Available data:
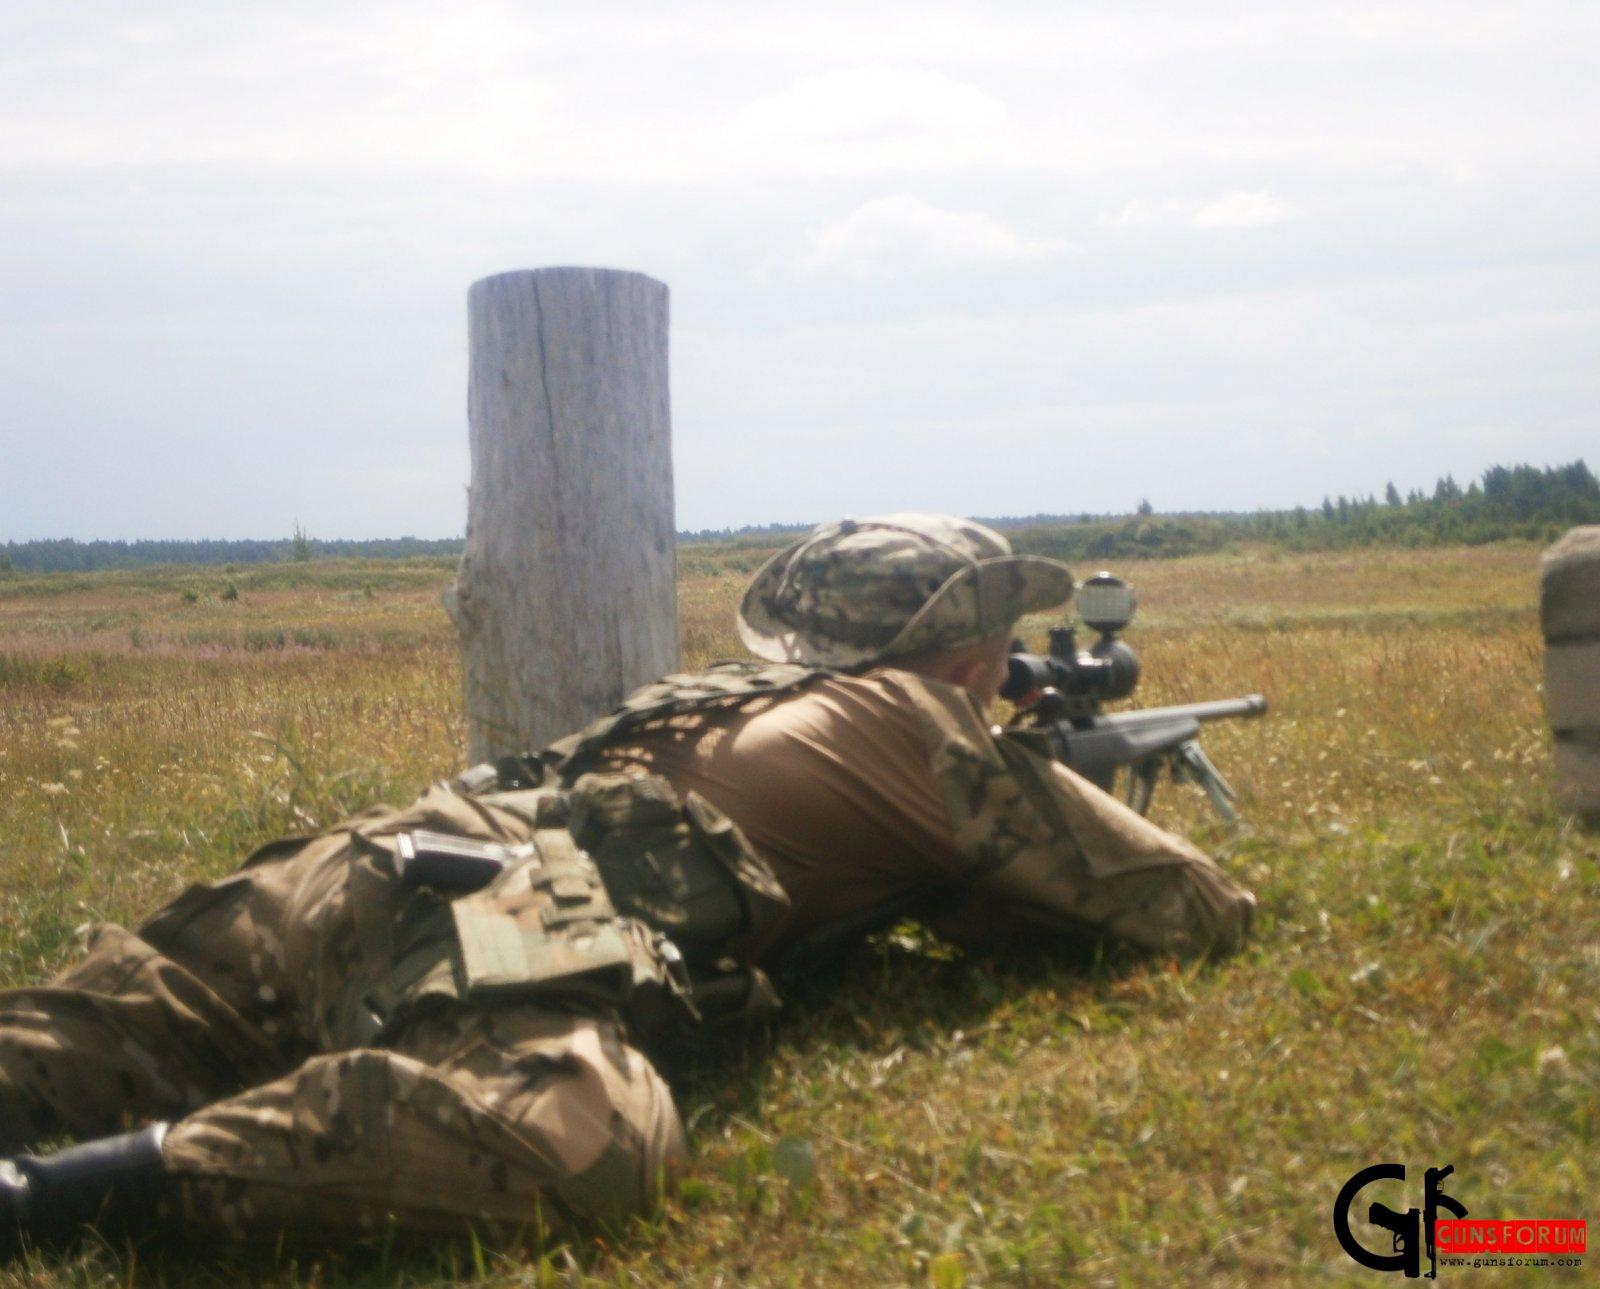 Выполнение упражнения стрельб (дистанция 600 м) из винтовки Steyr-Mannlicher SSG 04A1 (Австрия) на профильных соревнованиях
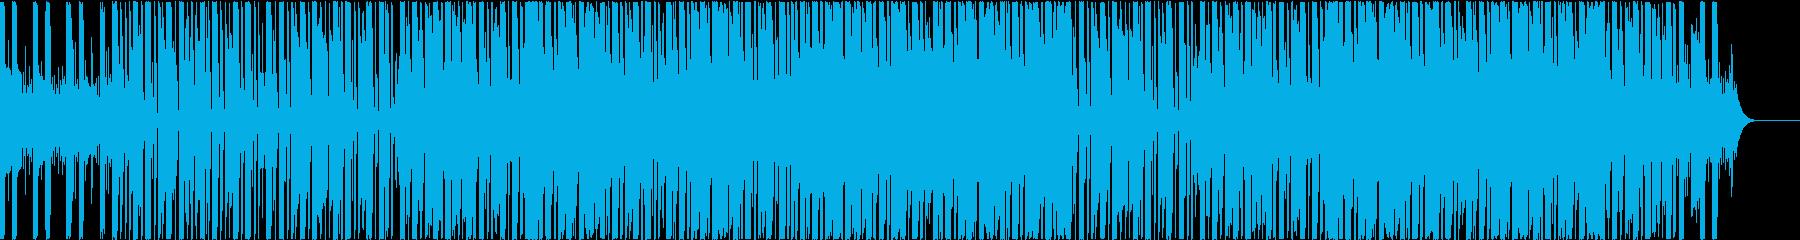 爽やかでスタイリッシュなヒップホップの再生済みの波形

==

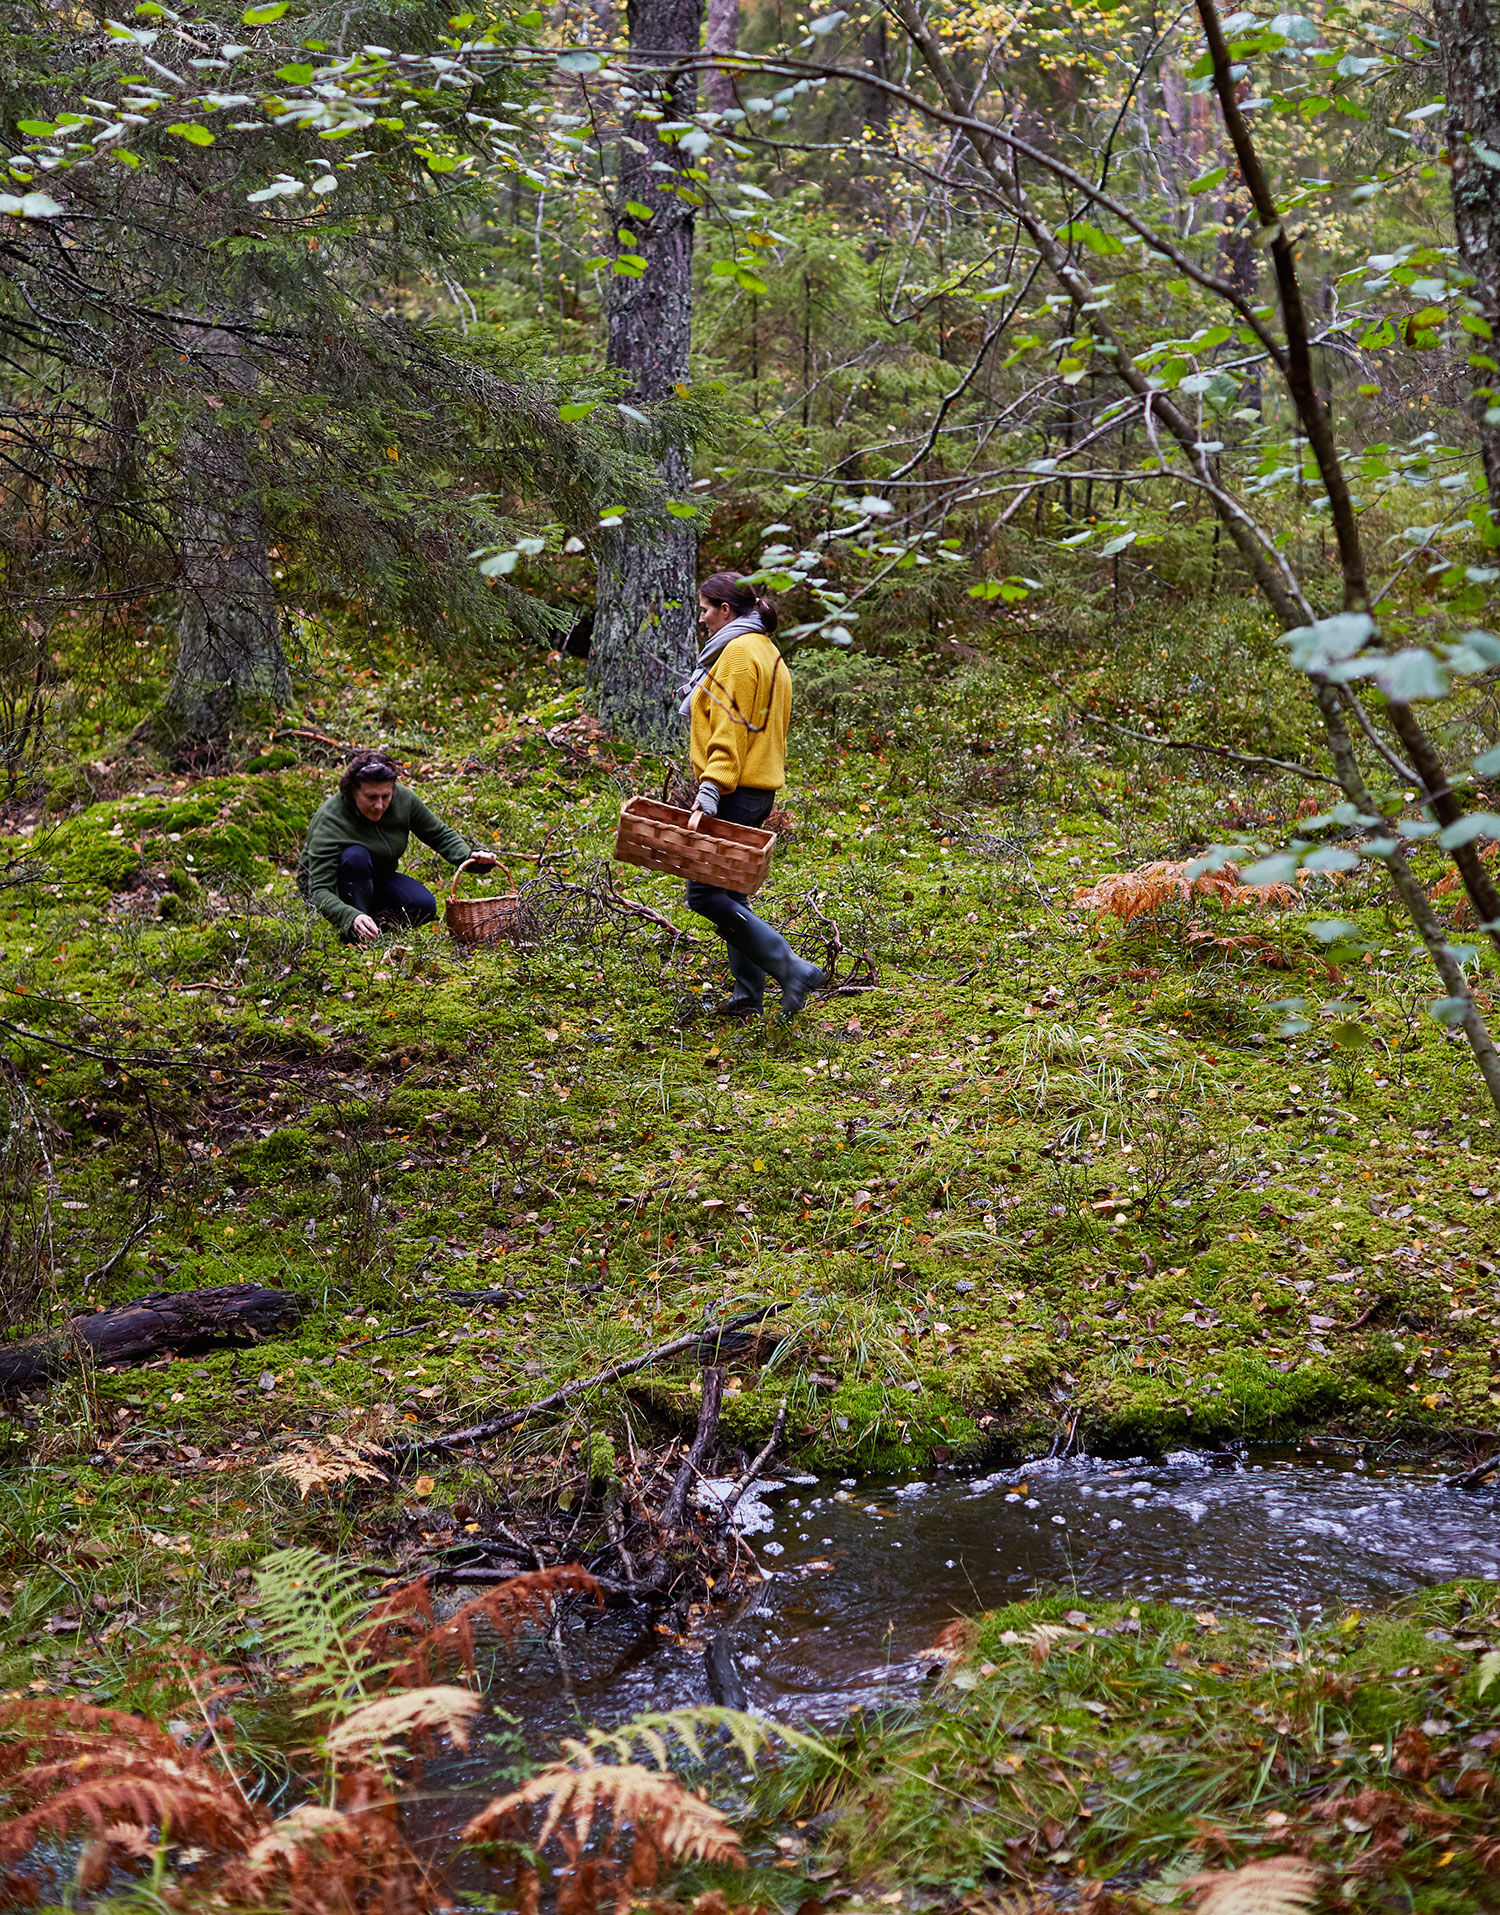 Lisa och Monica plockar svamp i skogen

Instructions to follow:
Using the entries above, reproduce word for word only the lines from the one that contains "Выполнение упражнения стрельб" to the one that contains "爽やかでスタイリッシュなヒップホップの再生済みの波形", both ends included, and drop every picture.

Written reply:
 Выполнение упражнения стрельб (дистанция 600 м) из винтовки Steyr-Mannlicher SSG 04A1 (Австрия) на профильных соревнованиях
 爽やかでスタイリッシュなヒップホップの再生済みの波形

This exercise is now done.